DATA EXTRACT
====================

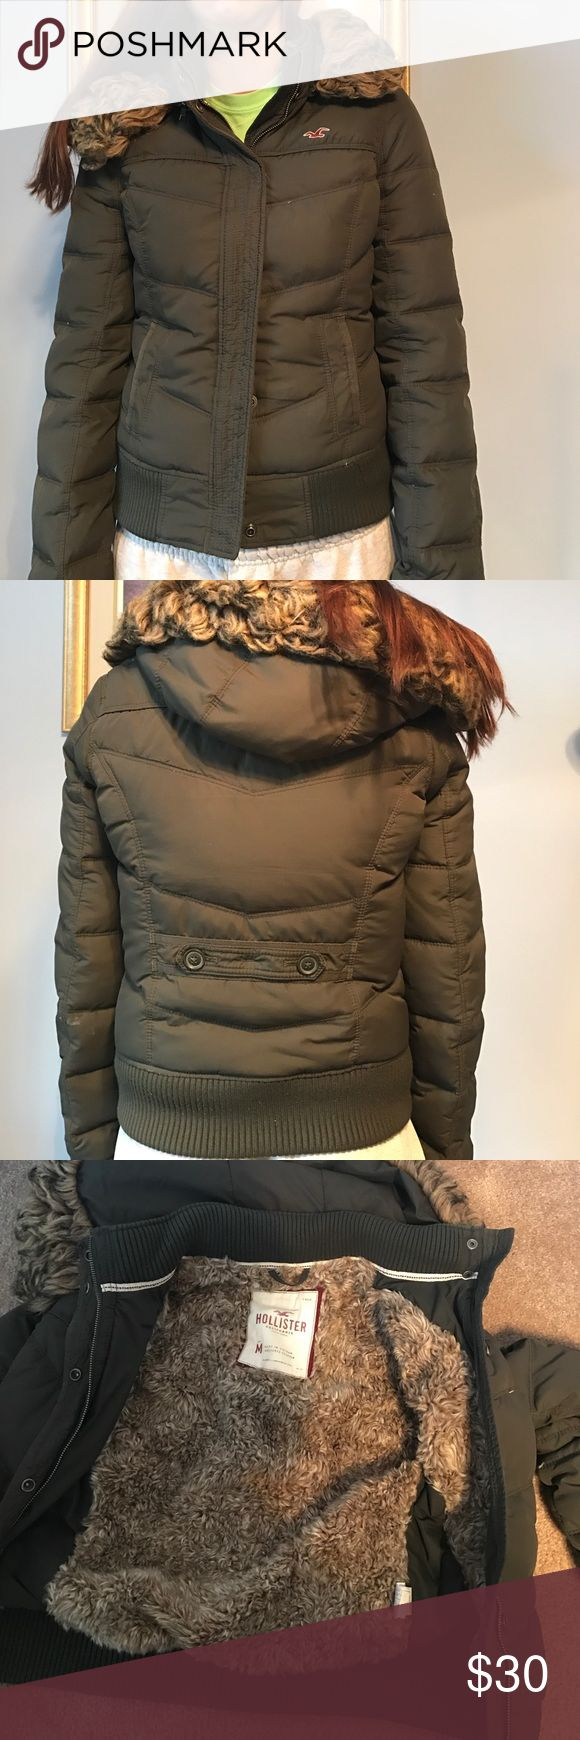 Hollister coat Gently worn but still a lot of life left. Hollister Jackets & Coats
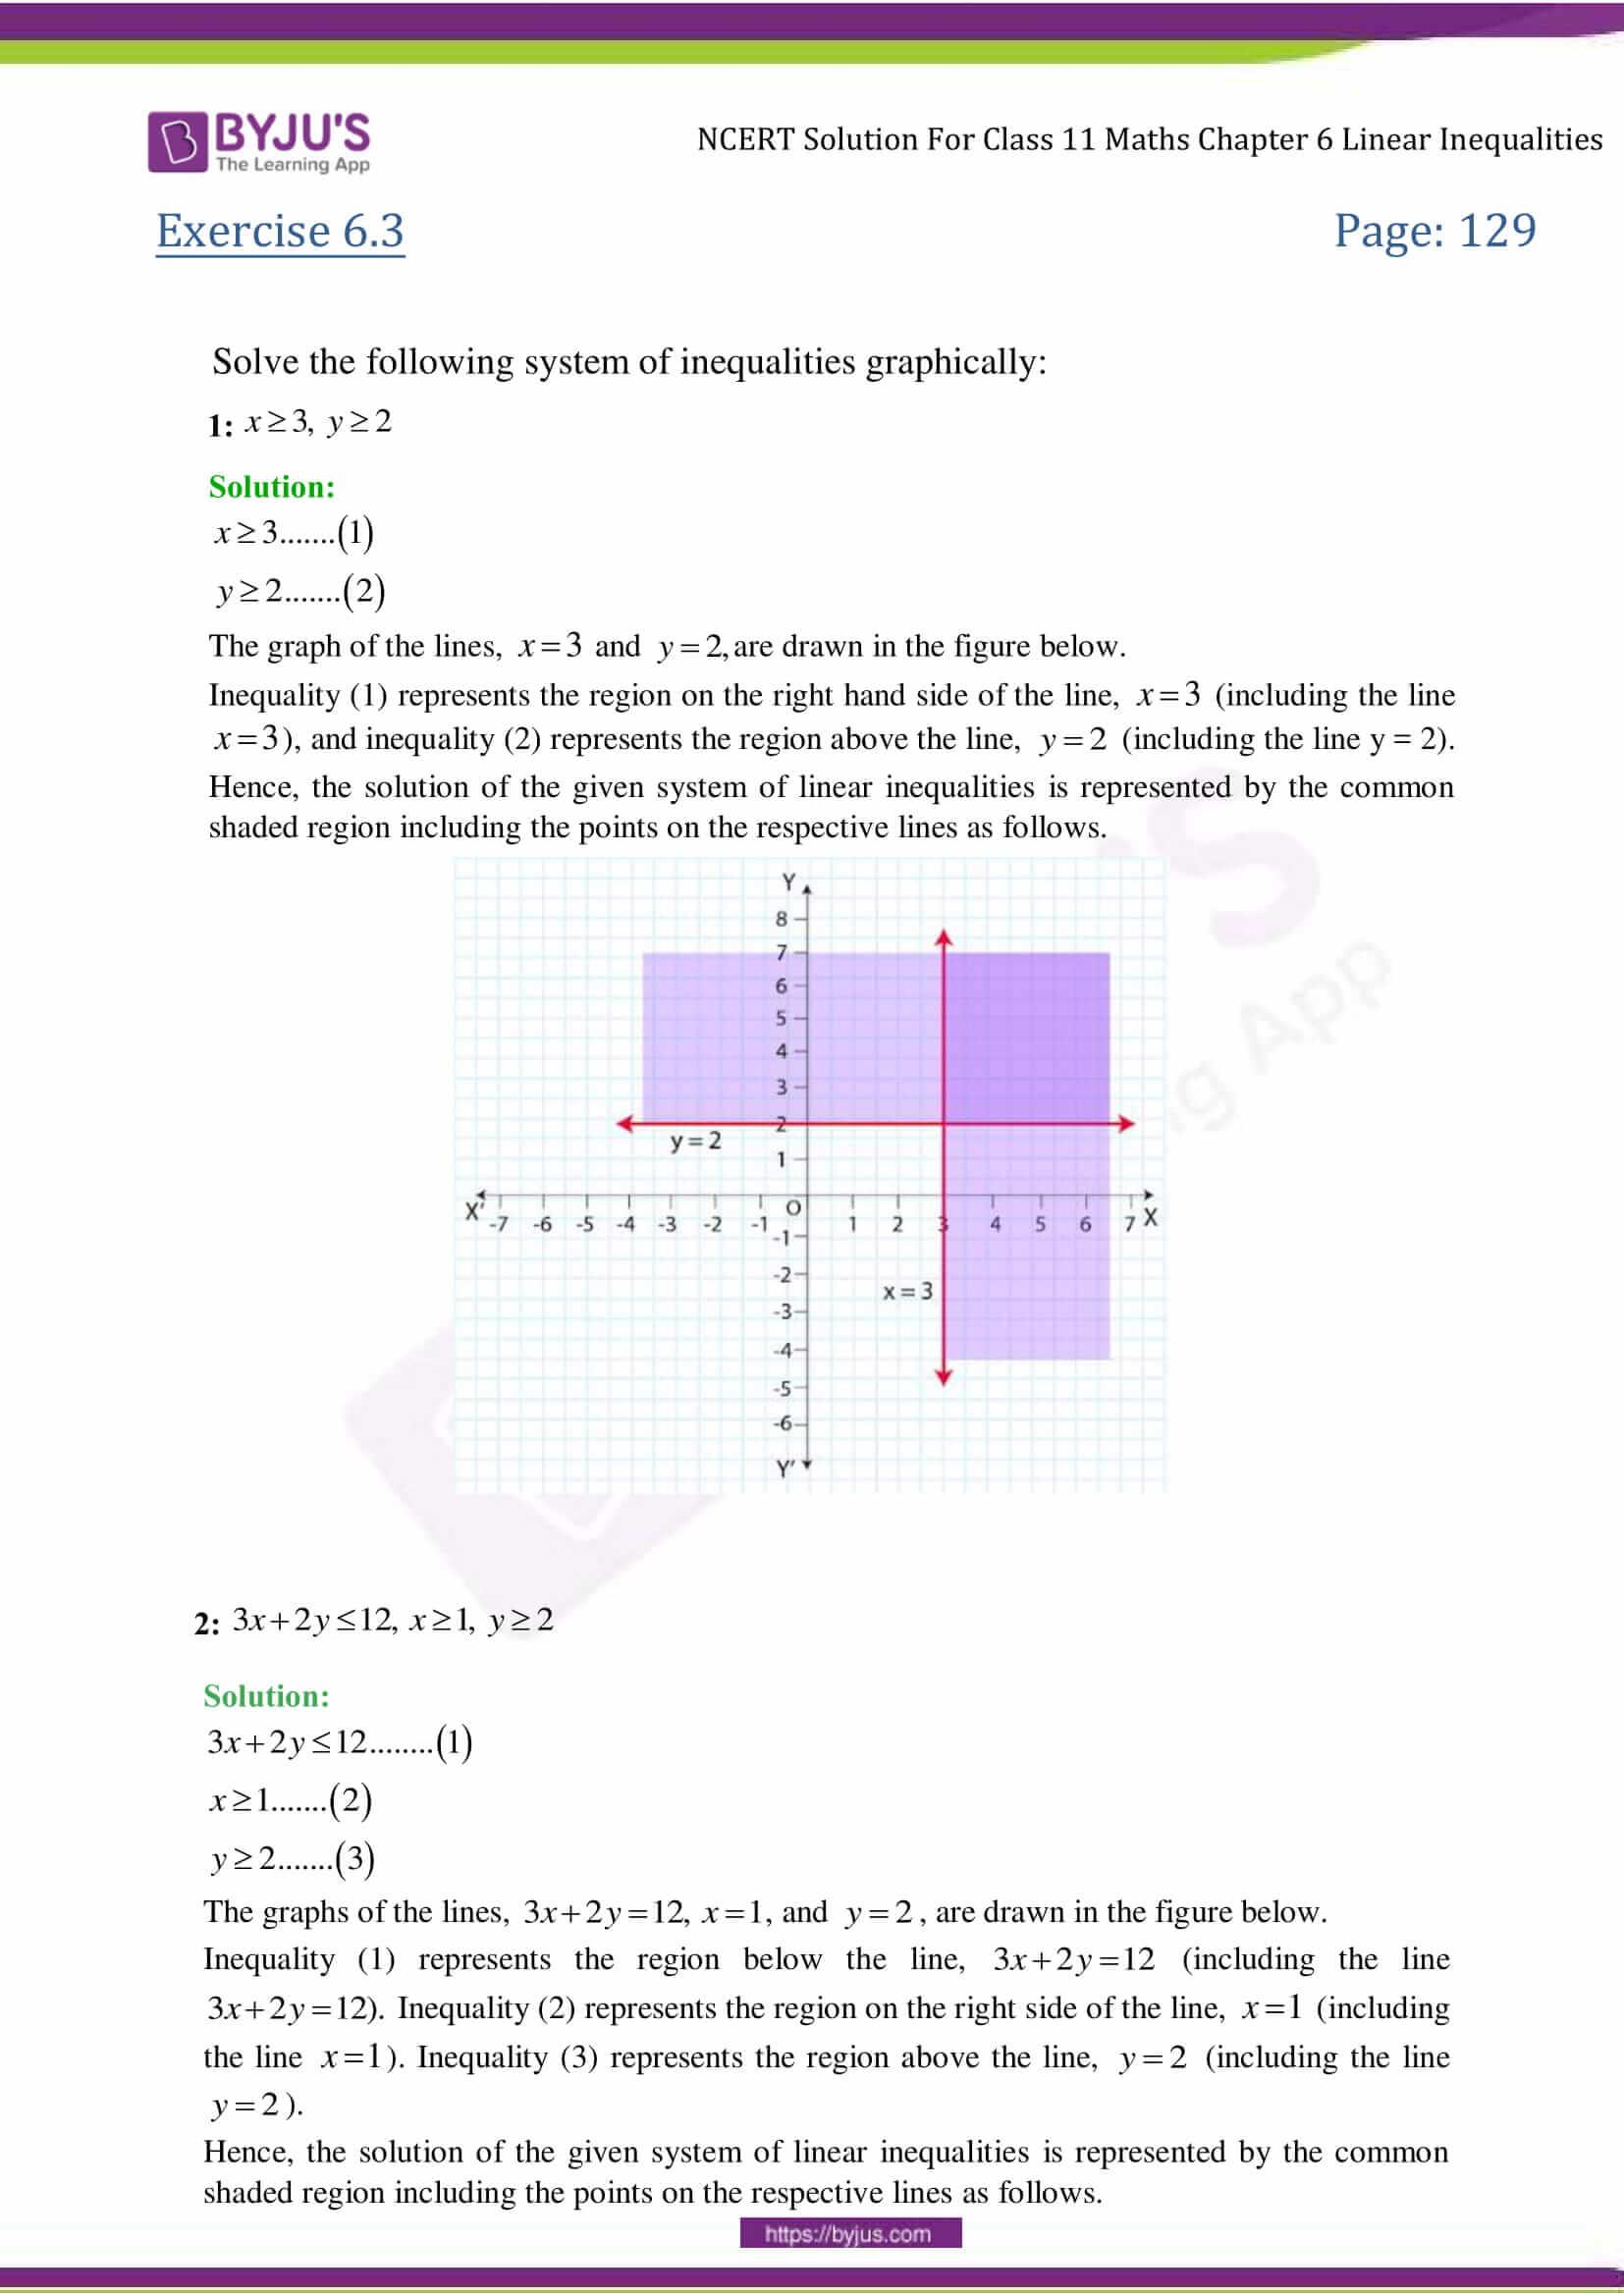 NCERT Solutions Class 11 Maths Chapter 6 Linear Inequalities
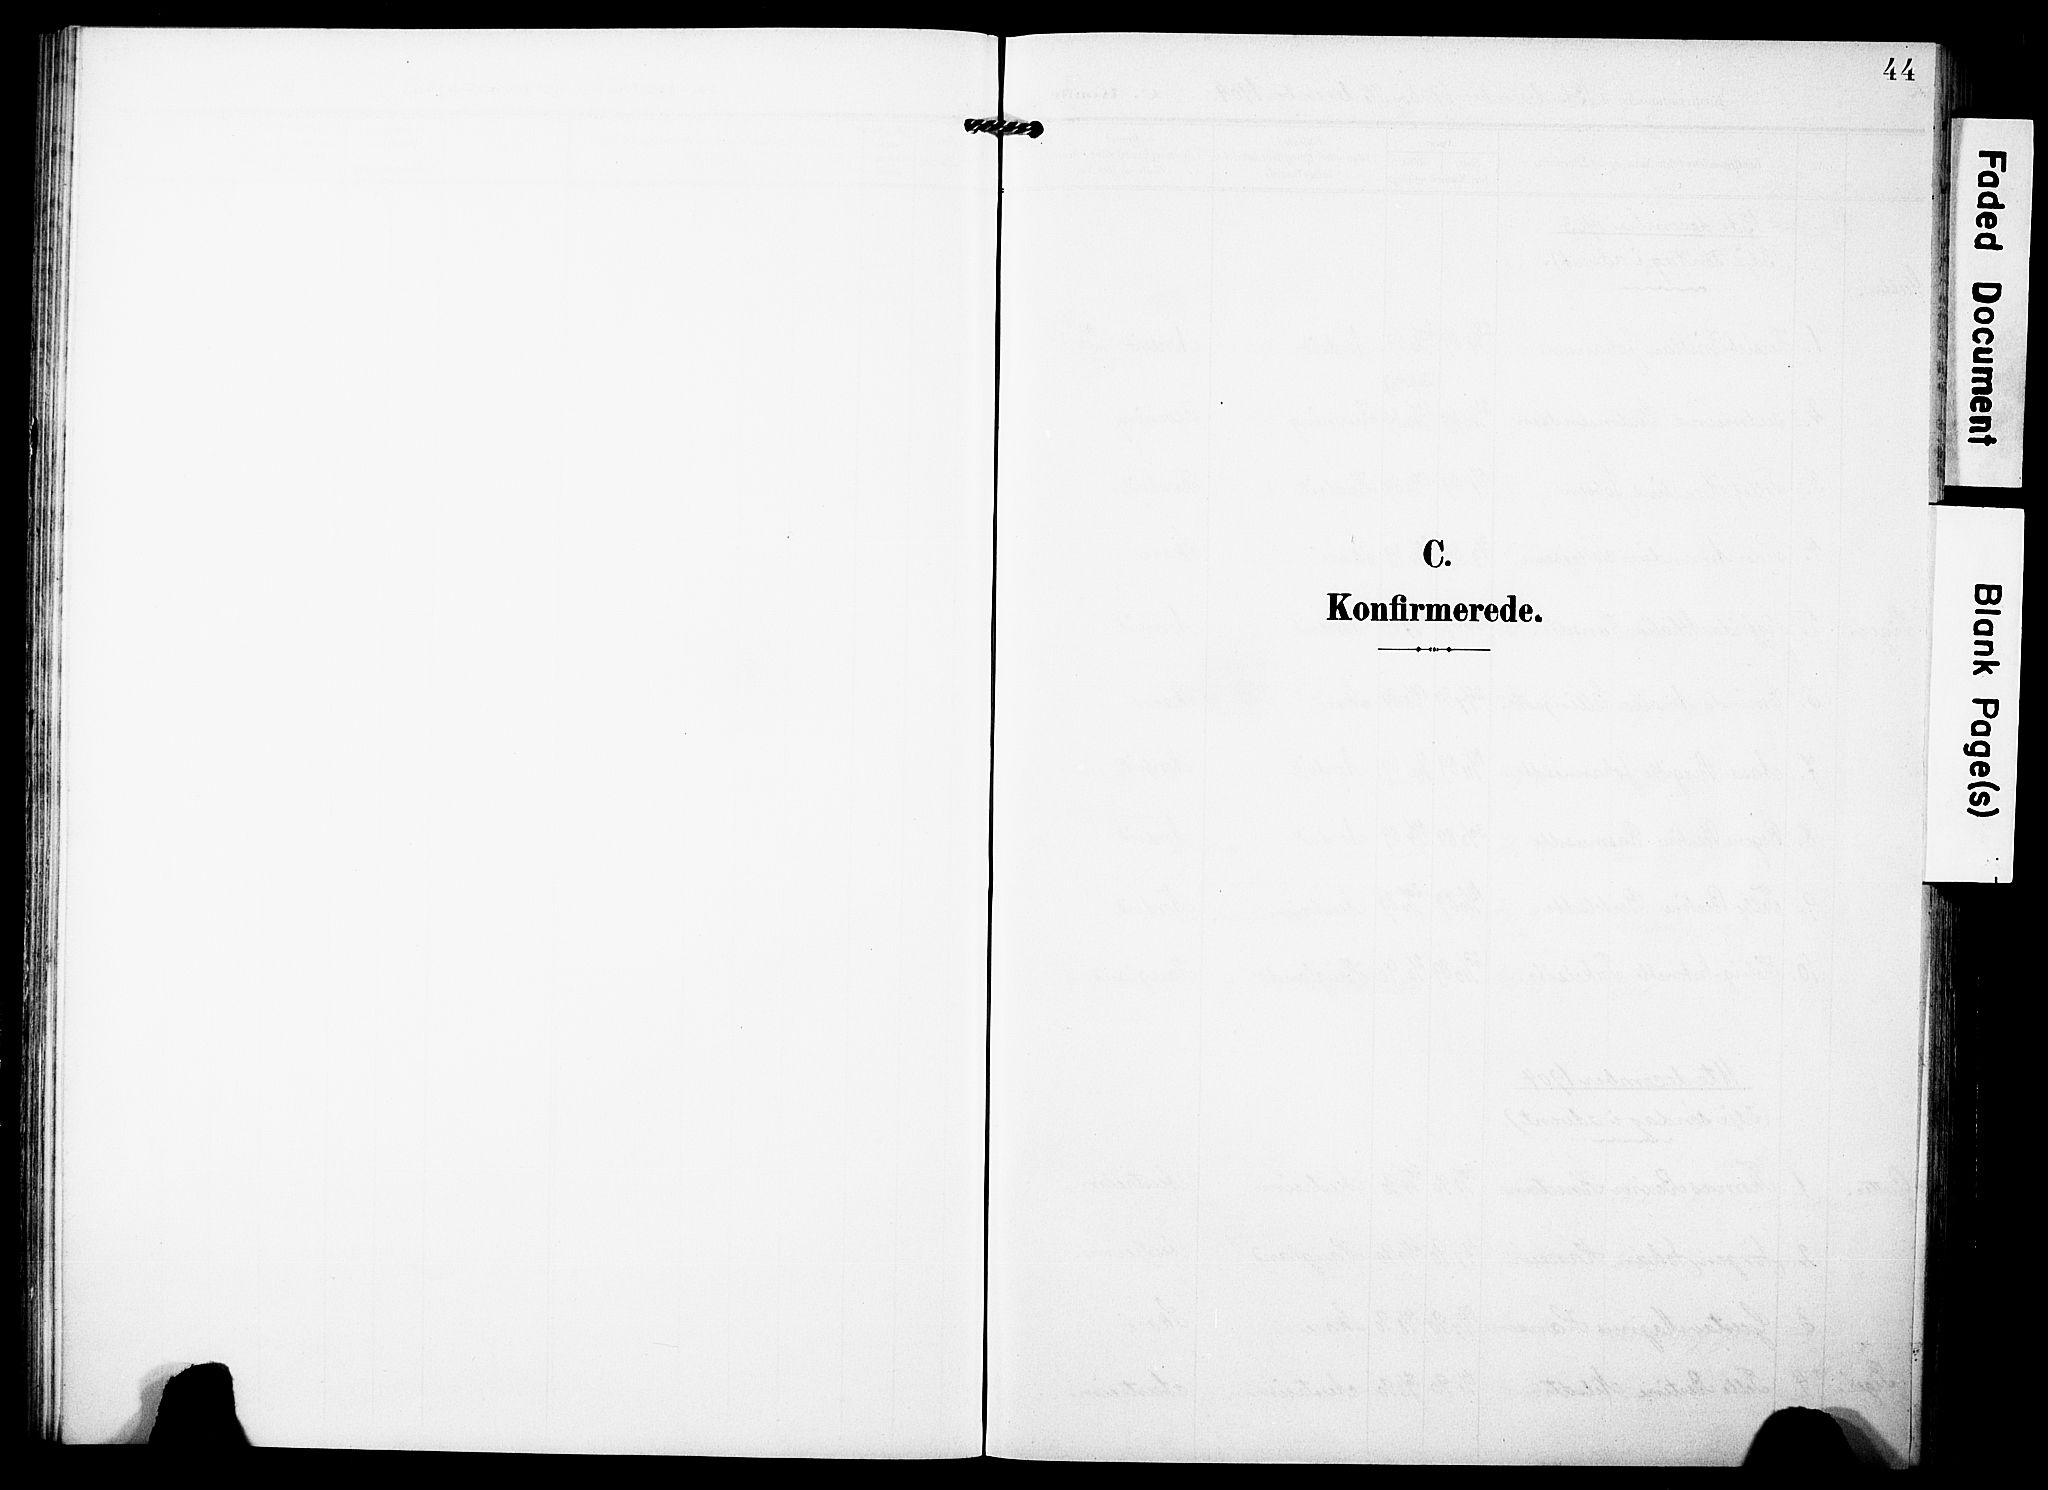 SAST, Torvastad sokneprestkontor, H/Ha/Haa/L0018: Ministerialbok nr. A 17, 1903-1925, s. 44

====================

TASK STATEMENT
None of the pictures should be kept; reproduce all the remaining material exactly.

THE ANSWER
 Hollister coat Gently worn but still a lot of life left. Hollister Jackets & Coats
 NCERT Solutions Class 11 Maths Chapter 6 Linear Inequalities
 SAST, Torvastad sokneprestkontor, H/Ha/Haa/L0018: Ministerialbok nr. A 17, 1903-1925, s. 44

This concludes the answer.